O homem é o maior valor existente no mundo. Tudo foi criado por Deus em razão do homem e para o homem, que é o centro nevrálgico de toda a ordem social, cósmica e telúrica. O homem está inserido num contexto de universalidade, abrangente de todos os valores existentes. Nada, portanto, existe no mundo fora do homem ou que a ele não interesse.
O homem é uma totalidade de valores imanentes, e anseios e conquistas, de caminhos a percorrer, de mundos a criar. Da mesma maneira que se não podem estrangular as palpitações de vida, que gravitam nas entranhas de uma semente, assim não se pode emascular a inteligência, a vontade e a sensibilidade do homem. Ele é por essência, por natureza, por destinação, por impulsos instintivos, um ser social, um ser construtor e operário, um ser econômico, político, moral e religioso.
A Igreja, na sua missão evangelizadora, tem que proceder como Cristo, que tomou o homem com a totalidade dos seus valores e das suas contingências. A igreja não vai retalhar o homem em pedaços: este é meu, esse do Estado, aquele da família. Esta parte é religiosa mas aquela é política, etc. O homem não é só corpo nem somente espírito. É uma síntese. Não existe esta dicotomia entre a psicologia e a fisiologia. Entre o espiritual e o material.
Negar a igreja o direito de interessar-se pelos problemas sociais, econômicos e políticos do homem, é estrangular e mutilar a sua missão de redentora do homem, e ferir este homem nos direitos primaciais que constituem a sua personalidade e os valores imanentes do seu ser.

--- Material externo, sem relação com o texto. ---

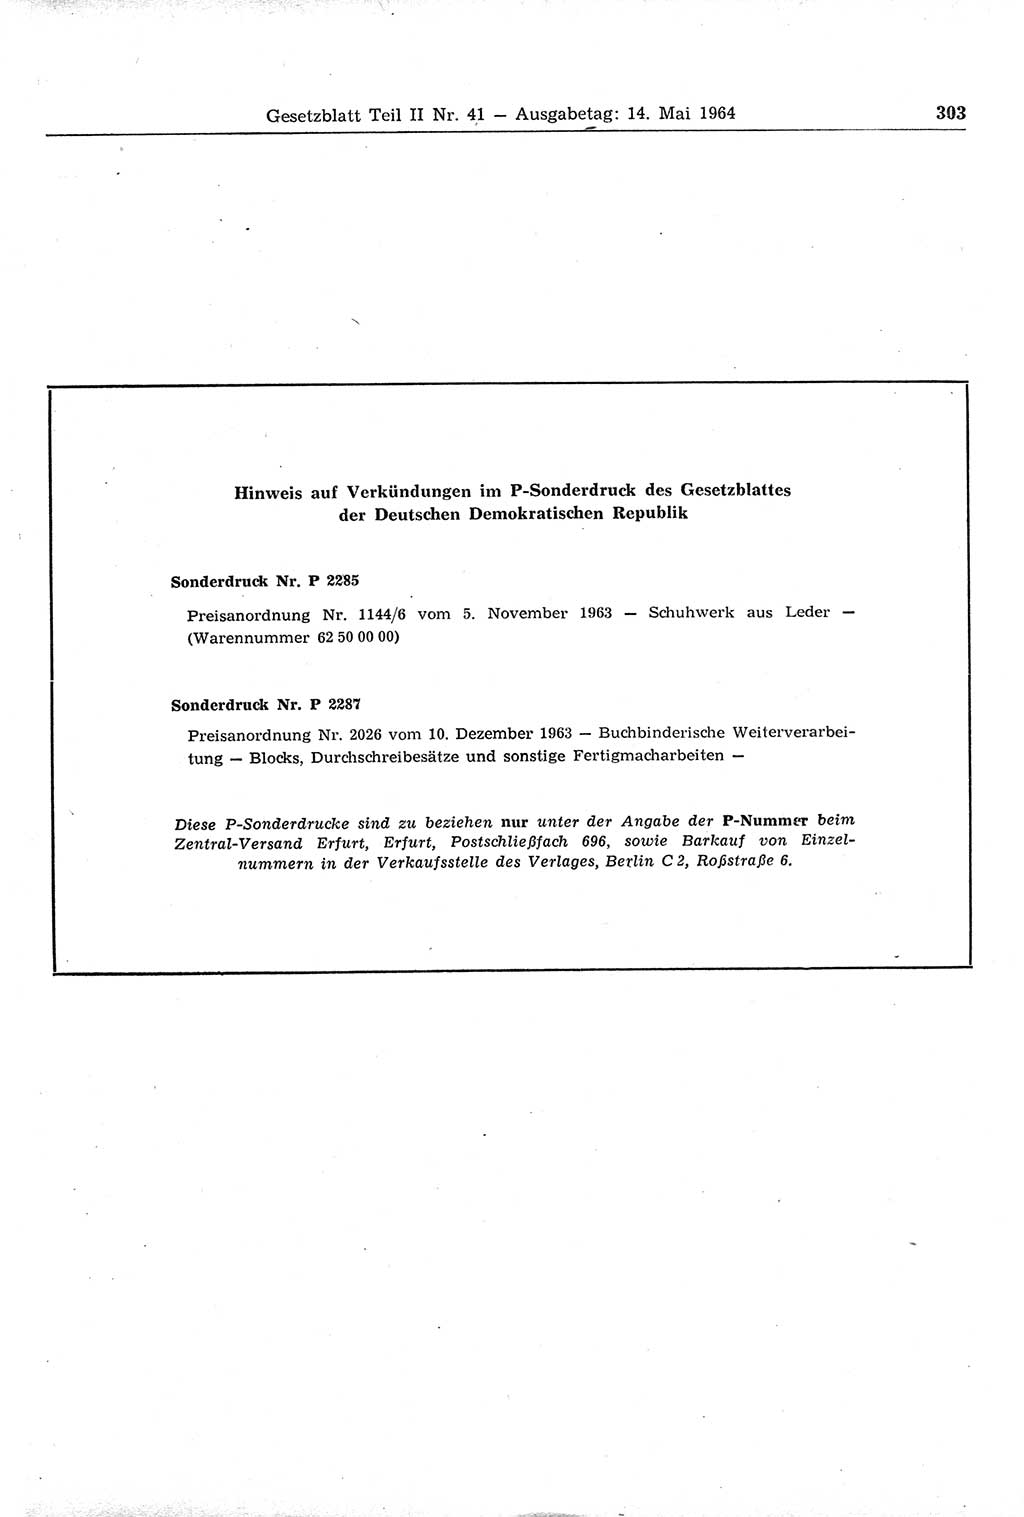 Gesetzblatt (GBl.) der Deutschen Demokratischen Republik (DDR) Teil ⅠⅠ 1964, Seite 303 (GBl. DDR ⅠⅠ 1964, S. 303)

O grande mal é que os homens abastardaram tanto a política que julgam e apreciam o comportamento da Igreja segundo essa visão míope e deformada. Sem embargo, alguns cristãos olham às vezes a Igreja como se estivessem à margem dela. Tomam distância da Igreja como se a relação dela com Jesus Cristo, seu fundador, fosse acidental e ela tivesse surgido como uma conseqüência ocasional de sua vida e de sua morte.

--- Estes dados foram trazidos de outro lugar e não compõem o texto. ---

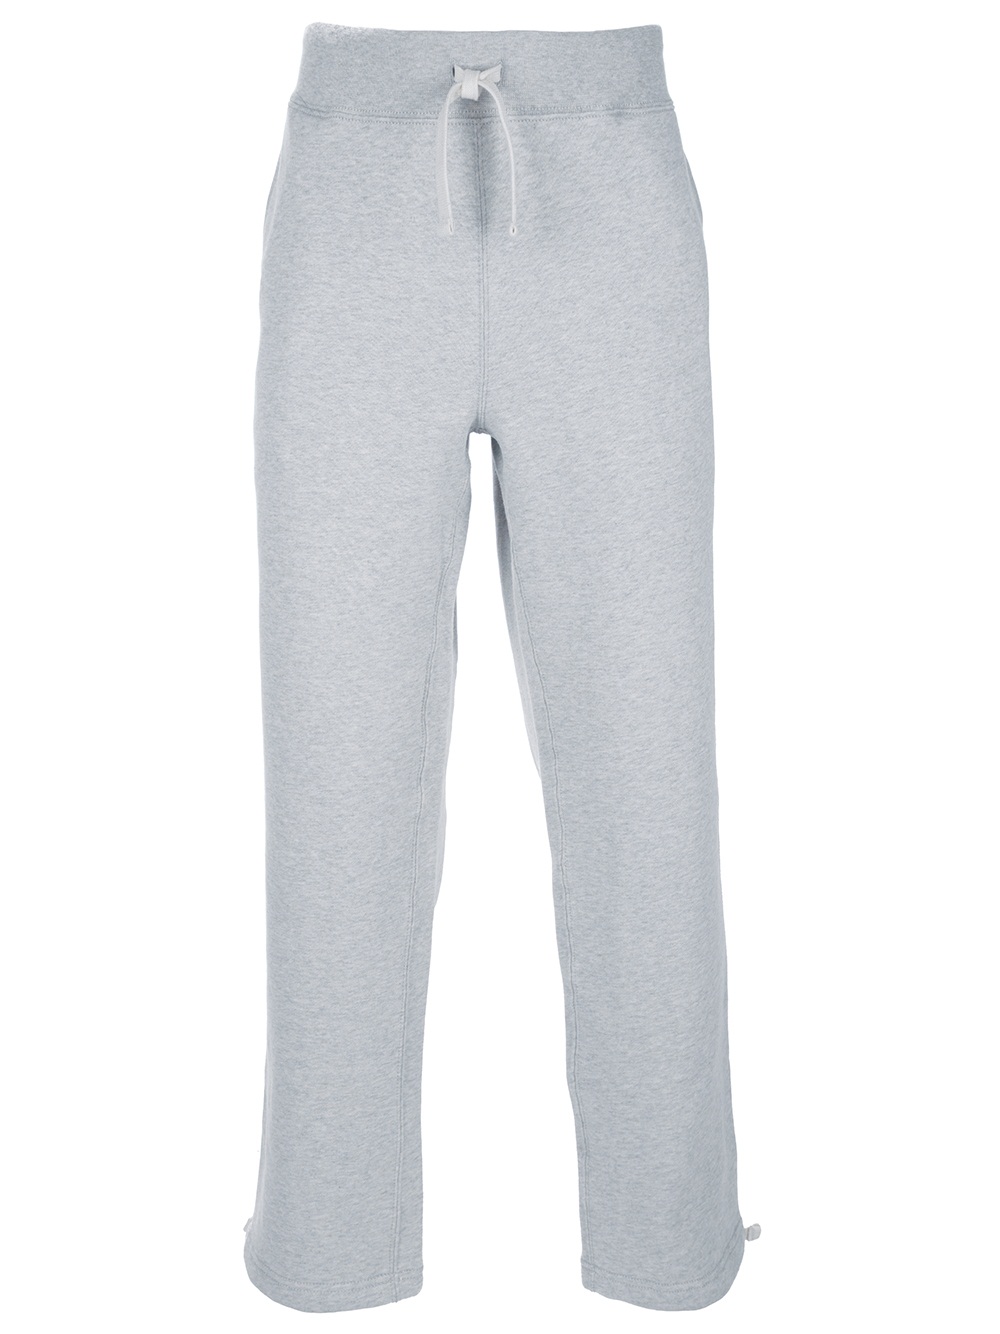 Polo Ralph Lauren Sweat Pants in Grey (Gray) for Men - Lyst

Portanto, essa Igreja, com doutrina e exemplo, nos exorta a ocupar-nos não só das coisas do espírito, mas também das realidades deste mundo e da sociedade humana de que somos parte. Nos exorta a comprometermo-nos na eliminação das injustiças, a trabalhar pela paz e a superação do ódio e das violências em todos os sentidos. Nos exorta a promover a dignidade do homem, sentirmo-nos responsáveis pelos pobres, os enfermos, os marginalizados e oprimidos, os refugiados, os exilados e deslocados, assim como de tantos outros aos quais deve chegar nossa solidariedade.